DAD: “What did I tell you about hitting your sister...?” (advances slowly)
ME: “T..to not to...” (backing slowly)
DAD: “Did you hear what I told you, you dumb bunny...?) (Hand is now raised slightly facing you...clearly visible is the back of his hand and...the red stone on his Holy Cross Class Ring that he got when he graduated from his V12 program as a young ensign in the spring of 1945. That was The Ring.)
(Additional note: My dad very, VERY rarely swore at us...we laugh at the “Dumb Bunny” thing and we don’t understand it and it seems hilarious now, but...faced with the ring, it sounded like the Declaration of Doom.)
ME: “Yes...yes...”
DAD: “Yes WHAT?”
ME: “Yes SIR.”
DAD: “When I tell you what to do, you LISTEN to me.”
This was followed by two or three ineffectual and easily dodged cuffs by him that completely missed the mark. Then he would stand off to the side and allow you to pass while he stood still.
It was at this point when danger was highest. There was nothing you could do but walk by and not look back. You knew it was coming. Sometimes he didn’t do it, just to throw you off. But usually he got you with The Ring.
As you walked by and exposed the back of your head, he would whip out his hand in a light backhand motion and ping you on the back of the skull with the stone of that ring...and sometimes it really smarted.
My dad was a gentle man, and I know he loved us dearly. We were all petrified of him, of disappointing him or crossing him was something we all avoided at all costs. He was all bluster...we looked at my mom out of the corners of our eyes when she was on the warpath, but...we knew he would never deliberately hurt us. He just wanted to scare us.

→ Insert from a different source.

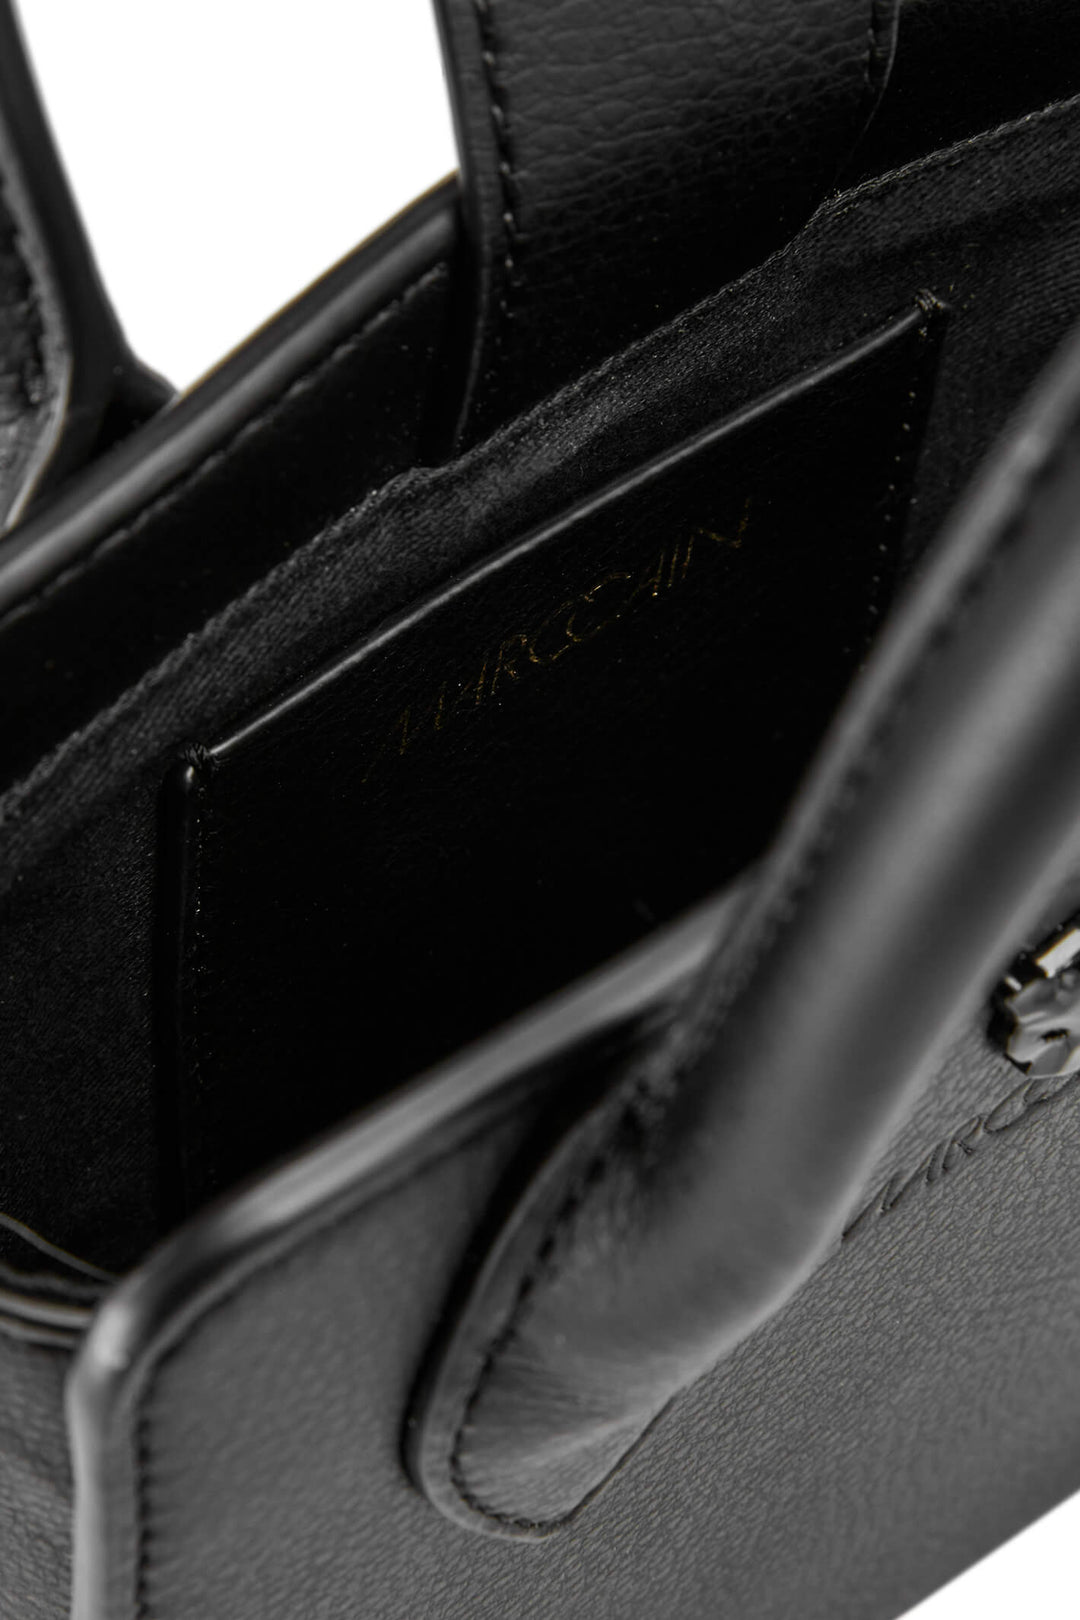 Marc Cain TB TM.03 L01 900 Black Leather Bag - Olivia Grace Fashion

When my dad passed away, I had custody of the ring. When we went down to Arlington National Cemetery to bury him, I wore that ring, just that once. In my grief, it must have slipped off of my finger. I lost it and never found it. I searched my house and belongings for a year, but never found it. I suppose someone down in Arlington will find a Holy Cross class ring with a red stone someday, and they will wonder about the man who wore it.
If I could have one thing, out of all the things that I have that were his, I wish I had not lost his ring.

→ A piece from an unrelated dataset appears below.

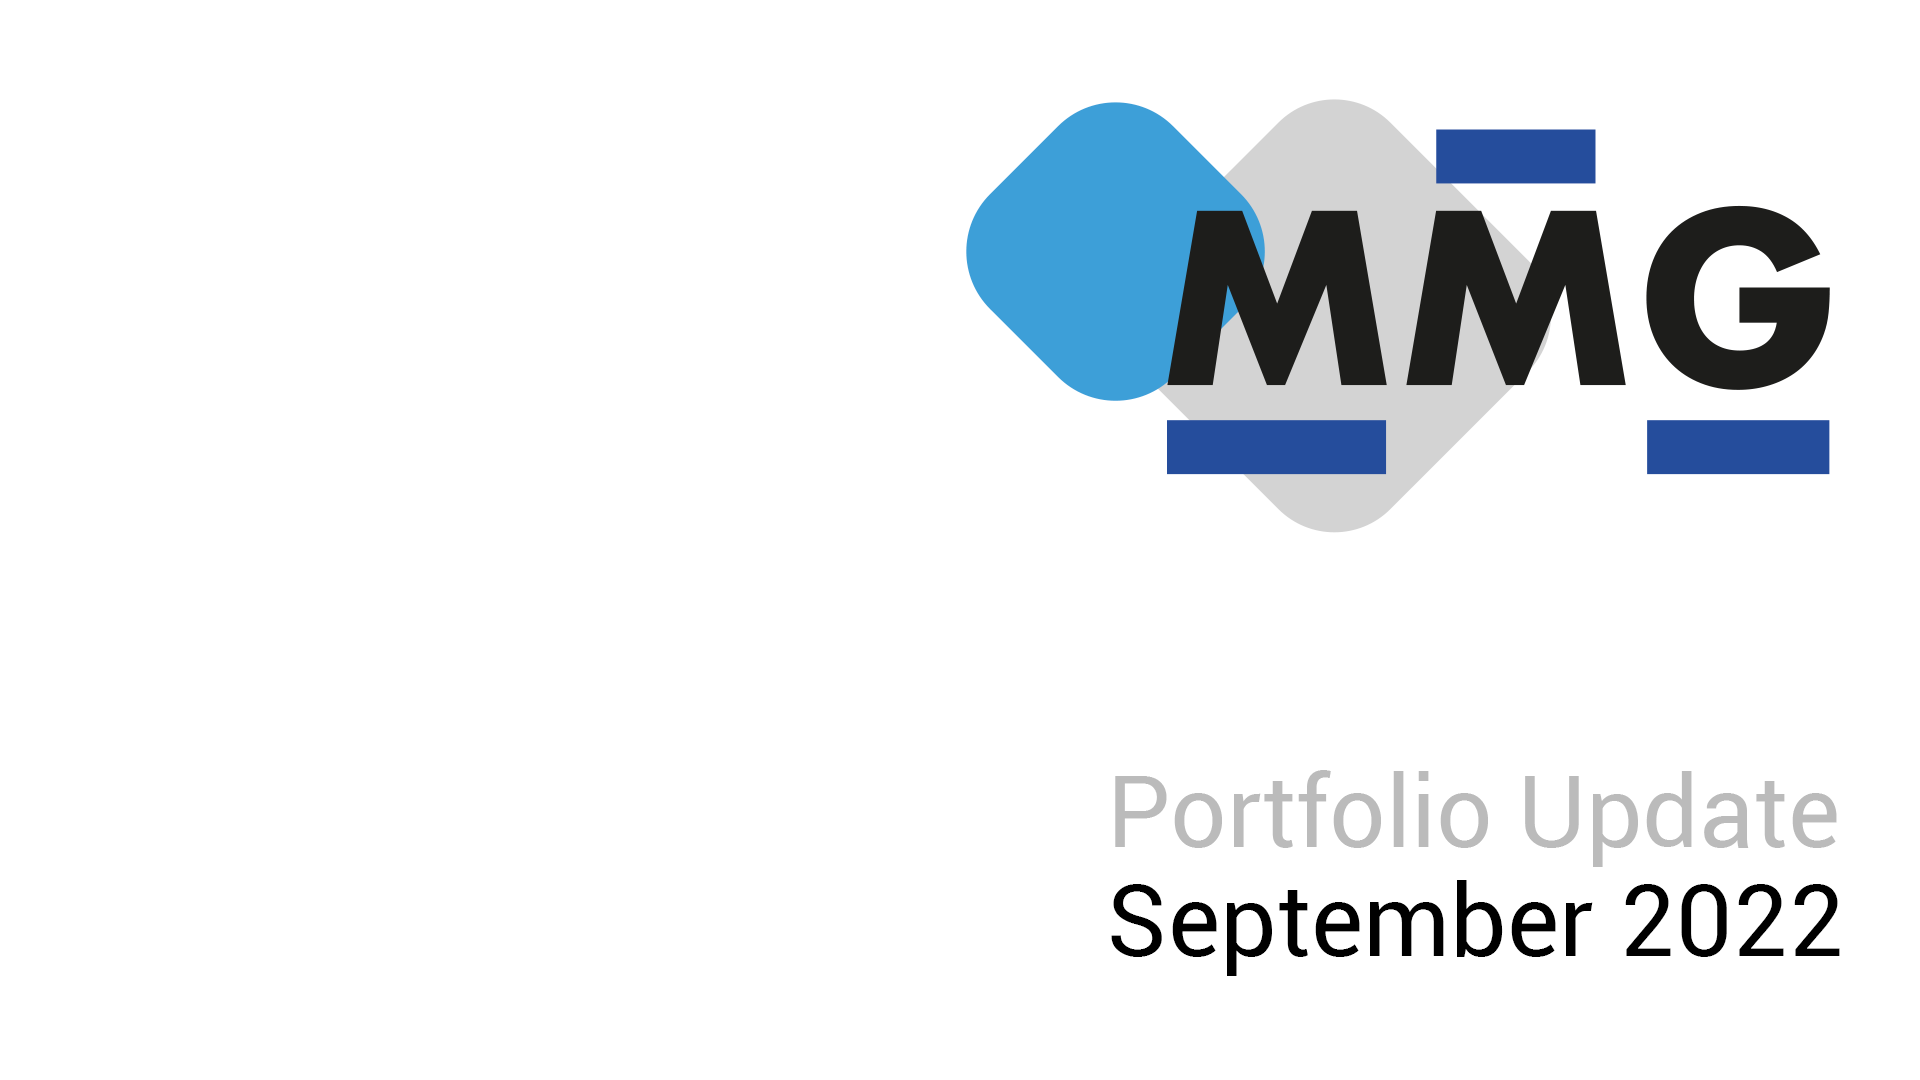 Matteo Marinelli Portfolio Update - September 2022

What do the imams say? Can you smack your kids under Sharia?
As the WSJ says - what would we do without experts?
It's not a boxing match, Liz. The whole point is to deliver authority and negative reinforcement (yes it works just ask BF Skinner) in a direct, non-verbal way.
99% of the kids I have known were hit a grand total of ONCE in their lives - the prospect of getting more kept them in line for many years to come.
A smack to the face beats “Time Out” anyday of the week. Just don’t overdo it, or your kids may start asking you to tie them up and whip them as they get older...
OK, I didn’t read this really. But isn’t “SuperNanny” another woman who just uses “time-outs” and doesn’t hit?
‘While some parents may be more relaxed about corporal punishment, Elizabeth Hartley Brewer, an expert in child development and parenting, believes that such attitudes must be resisted. “Children can’t defend themselves verbally or physically,” she says.’
The problem is, they usually START it! Why NOT physically get back at a little brat who thinks he’s high & mighty enough to hit people?
This has been the way for centuries; it is natural (look at other animals). Why do we think suddenly in the last 50 years (Dr. Spock) that we know better? Kids and pets are much more annoying and bratty and unlikeable now. Connection to this permissive style with no threat of hitting? You bet.
bump for later
Go Google “mothering dot commune,” and read through the “Gentle Disciplining” forum. You’ll be horrified — these people are raising an entire generation if brats!
Ya, I’ve seen just about enough of kids who’s parents think like this author.
It is not about “BEATING” your kids, it’s about getting their attention, and letting them know that you’re serious.
Not to mention an early introduction into the concept of “CONSEQUENCES”!